Out-Law News | 25 Apr 2014 | 9:48 am | 2 min. read
In its judgment, the court said that it came to its conclusion “with regret” as returning such issues to the original employment tribunal (ET) to resolve “exposes the parties to unnecessary cost and delay”. However, tribunal procedure and previous cases made it clear that only the ET was entitled to decide what the outcome of a particular dispute would be once any errors of law were corrected by the EAT, the judges said.
“Remittal is not necessary in order to ensure that the decision is taken by the expert tribunal, since the EAT is itself such a tribunal: there is here a difference from the position on judicial review,” said Lord Justice Underhill, one of the three Court of Appeal judges to give a judgment in the case.
“I should have preferred a more flexible approach, under which the EAT had a discretion, in a case where it was genuinely in as good a position as the ET to make the decision in question, whether to remit it nevertheless or to decide it for itself. But it is clear that that is not the law,” he said.
Mr Jafri was a teacher and learning specialist, employed by Lincoln College at the time of the dispute as part of a contract to provide educational services to inmates at Sudbury Prison. In 2009, he was excluded from working in the prison as part of an allegation of abuse against him and another by a colleague. The colleague making the accusation ultimately left the college’s employment, but when Jafri tried to apply for her job he was told that he would not be allowed into the prison “under any circumstances”. In 2010, Jafri was dismissed after the college was unable to find him alternative employment away from the prison.
In its original ruling, the ET found that Jafri’s dismissal was justified as the college had tried to find him other employment but he was only interested in returning to the prison. On appeal, the EAT found that the ET had made three errors of fact, but considered that none of these negated the ET’s conclusion that the college had “done everything it could to prevent injustice” to Jafri. Appealing again to the Court of Appeal, Jafri claimed that the EAT had “decided the case for itself” when it should have returned it to the ET for a further hearing once it found that the ET had made an error of law.
Referring to earlier cases, in his leading judgment Lord Justice Laws said that it was not the task of the EAT to decide what was “right” on the merits of the case. Rather, the EAT’s function was limited to “see[ing] that the ET’s decisions are lawfully made”.
“If therefore the EAT detects a legal error by the ET, it must send the case back unless (a) it concludes that the error cannot have affected the result, for in that case the error will have been immaterial and the result as lawful as if it had not been made; or (b) without the error the result would have been different, but the EAT is able to conclude what it must have been,” he said.
“In neither case is the EAT to make any factual assessment for itself, nor make any judgment of its own as to the merits of the case; the result must flow from findings made by the ET, supplemented (if at all) only by undisputed or indisputable facts. Otherwise, there must be a remittal,” he said.

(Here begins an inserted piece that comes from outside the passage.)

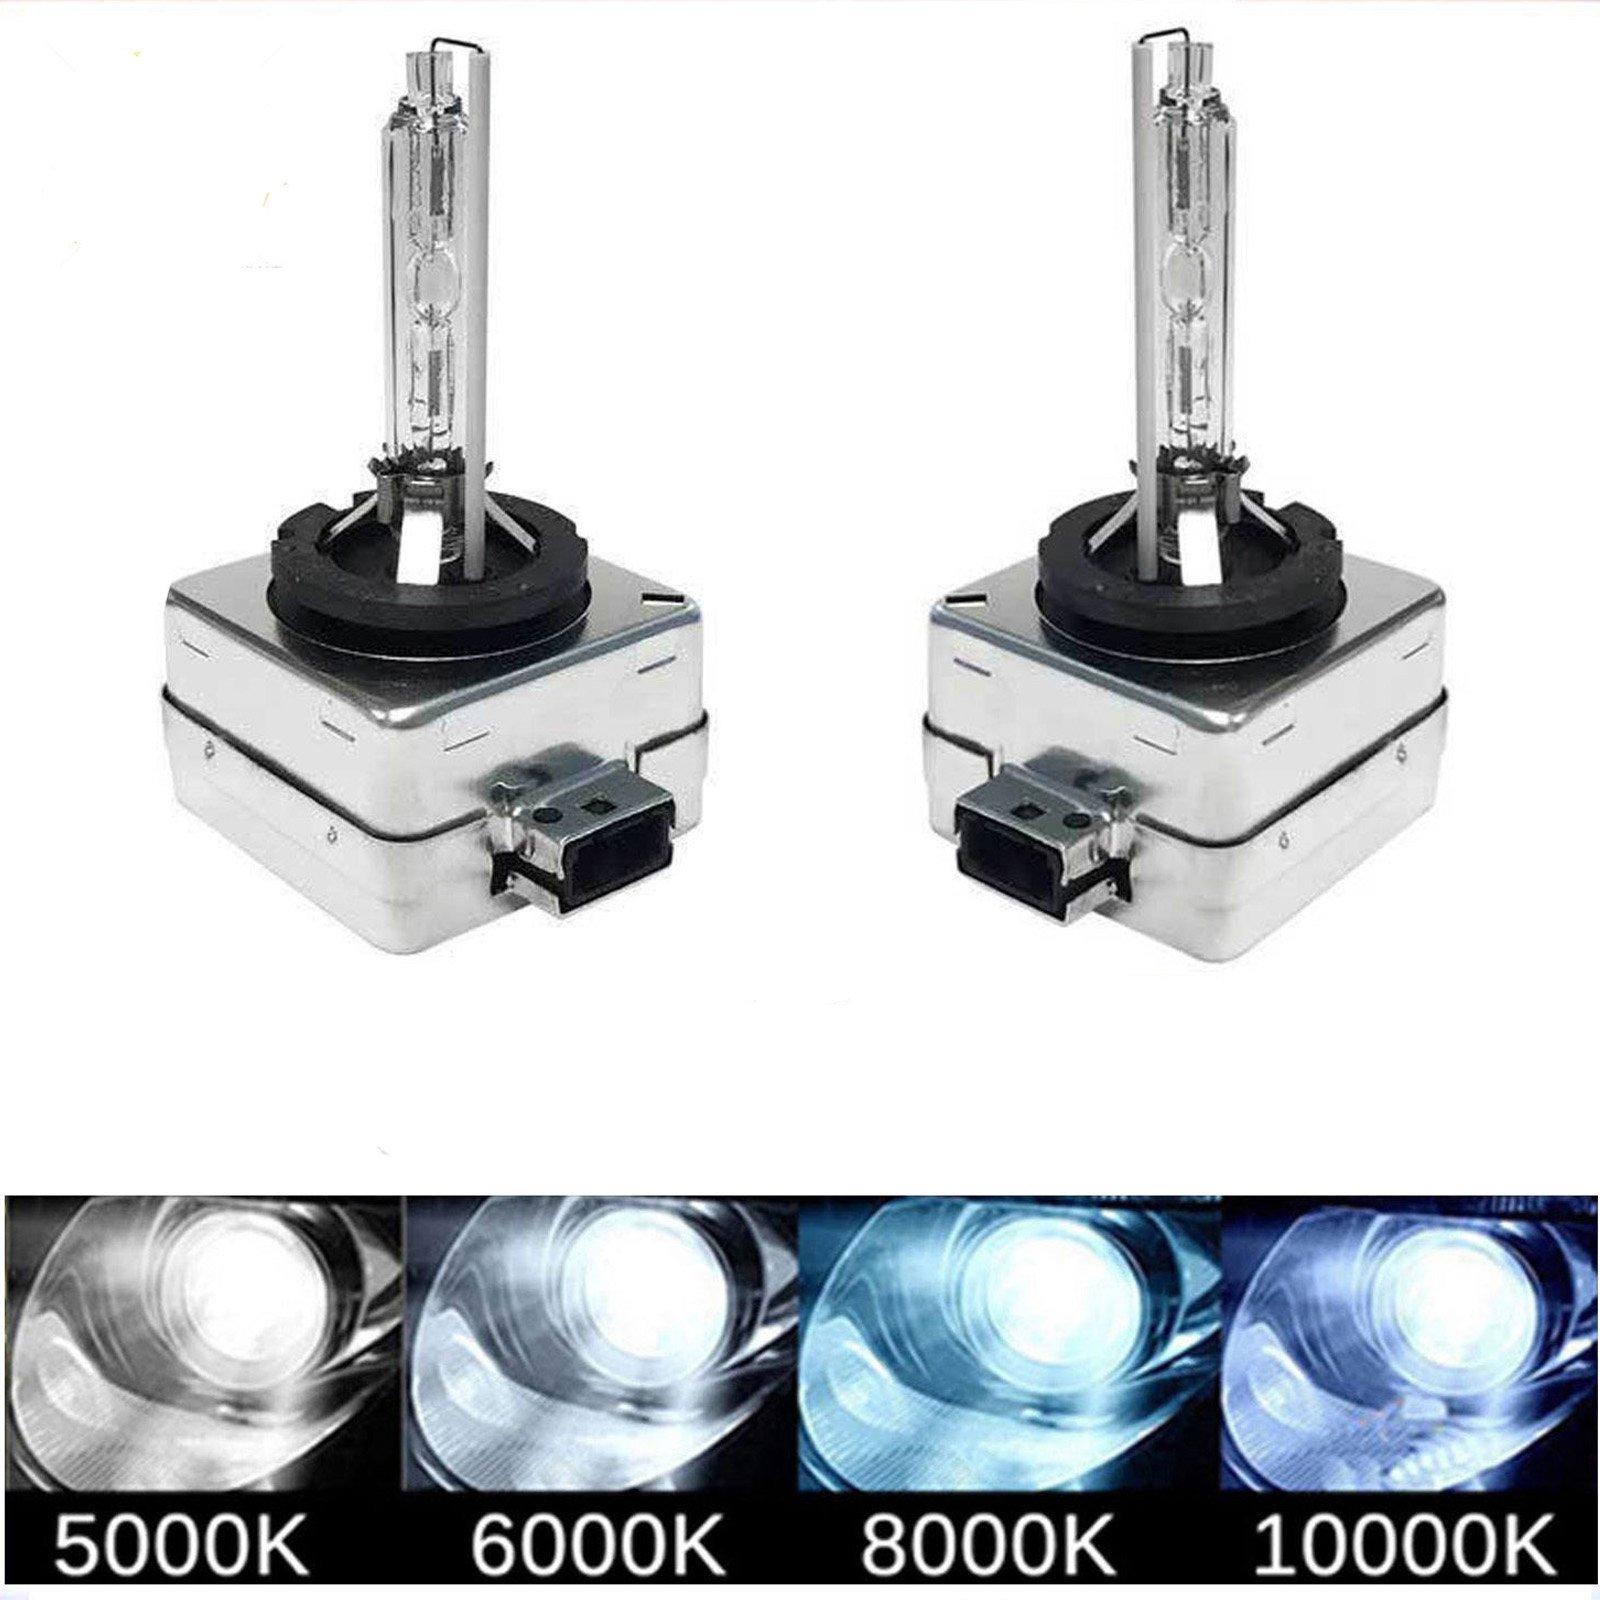 D1S D1C D1R 6000K HID Xenon Bulbs Diamond White 35W Car Headlight Lamp Super Bright OEM Factory Replce 66141 66142 85415C1 85415 Plug & Play (Set of 2)

Lord Justice Underhill went on to add that there was “no reason” why the EAT could not still decide on an issue in dispute if the parties agreed to it.
“In an appropriate case they should be strongly encouraged to do so,” he said.
“The point made in the authorities is that it is wrong in principle for the EAT as a reviewing tribunal to make a decision which falls within the scope of the fact-finding (and that includes fact-assessing and discretion-exercising) tribunal. But there can be no such objection where the parties consent,” he said.